Dan the boatman and his dog Darcy dropping us off on Cruit Island, Donegal.

Our trip started brewing up last October, when Rob Greenwood and I started making plans for Ireland and Owey Island in specific. Having been there once before and trying unsuccessfully to get to Owey Island due to the weather, I knew the crux would be getting the right weather window. Other teams that have visited before seemed to have had no problem with the weather, but having been buffeted before, I wasn't going to be turned away this time. So to that effect, I spend most of the week prior to departure glued to my computer screen checking Atlantic pressure charts, which is what you really need to predict long term weather patterns for Ireland.

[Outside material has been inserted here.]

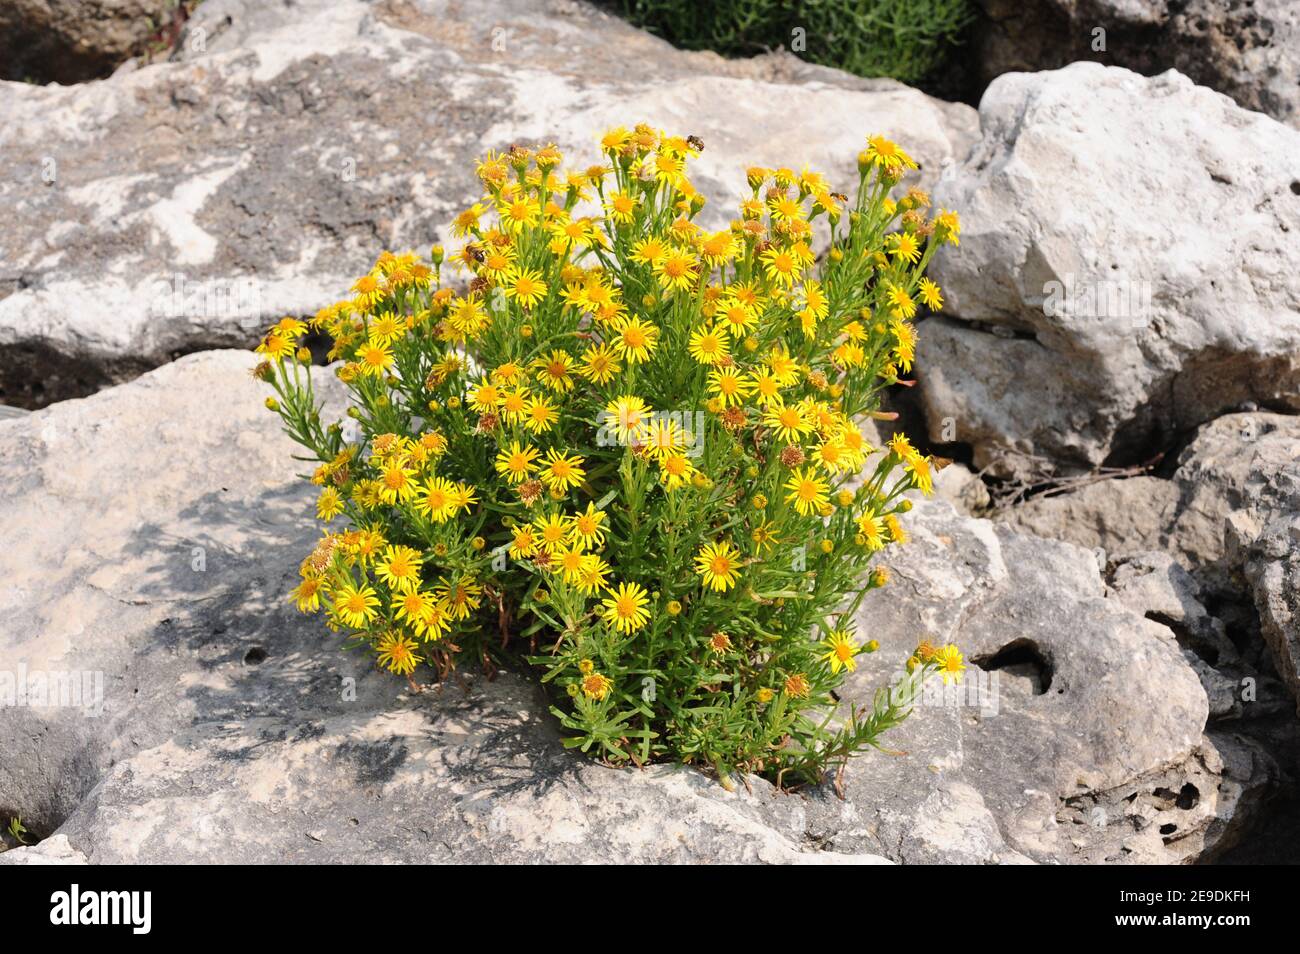 El zafiro dorado (Inula cristhmoides o Limbarda cristhmoides) es una hierba perenne nativa de las costas de la cuenca mediterránea y las costas atlánticas de Francia, Foto de stock

And it wasn't looking good. I even packed guidebooks for Orco and the Alps, as the weather across the UK looked unconducive for climbing. But on the Friday before departure I saw this two magnificent high pressure systems making their way to Ireland. This was our chance to strike. But first, we had to endure three days of rain. Except, if you looked closely, Pembroke was getting some sunshine. There's always space in our hearts for Pembroke. So we quickly made use of our flexi ticket on Stena Lines and change our ferry to depart three days later. Our psyches were mutually amped as Pembroke holds a very special place in both our hearts.

The man with a sunny disposition. This was the start of our lucky strike of sunshine with "All at sea" E5 6a at Mowing Word, Pembroke
A fine display of positive thinking and tenacity. "Beat Surrender" is not a pushover E5, specially when gopping wet and detachable holds. I, as a second, resorted to back aiding and save my beans for "Punks in the tearoom".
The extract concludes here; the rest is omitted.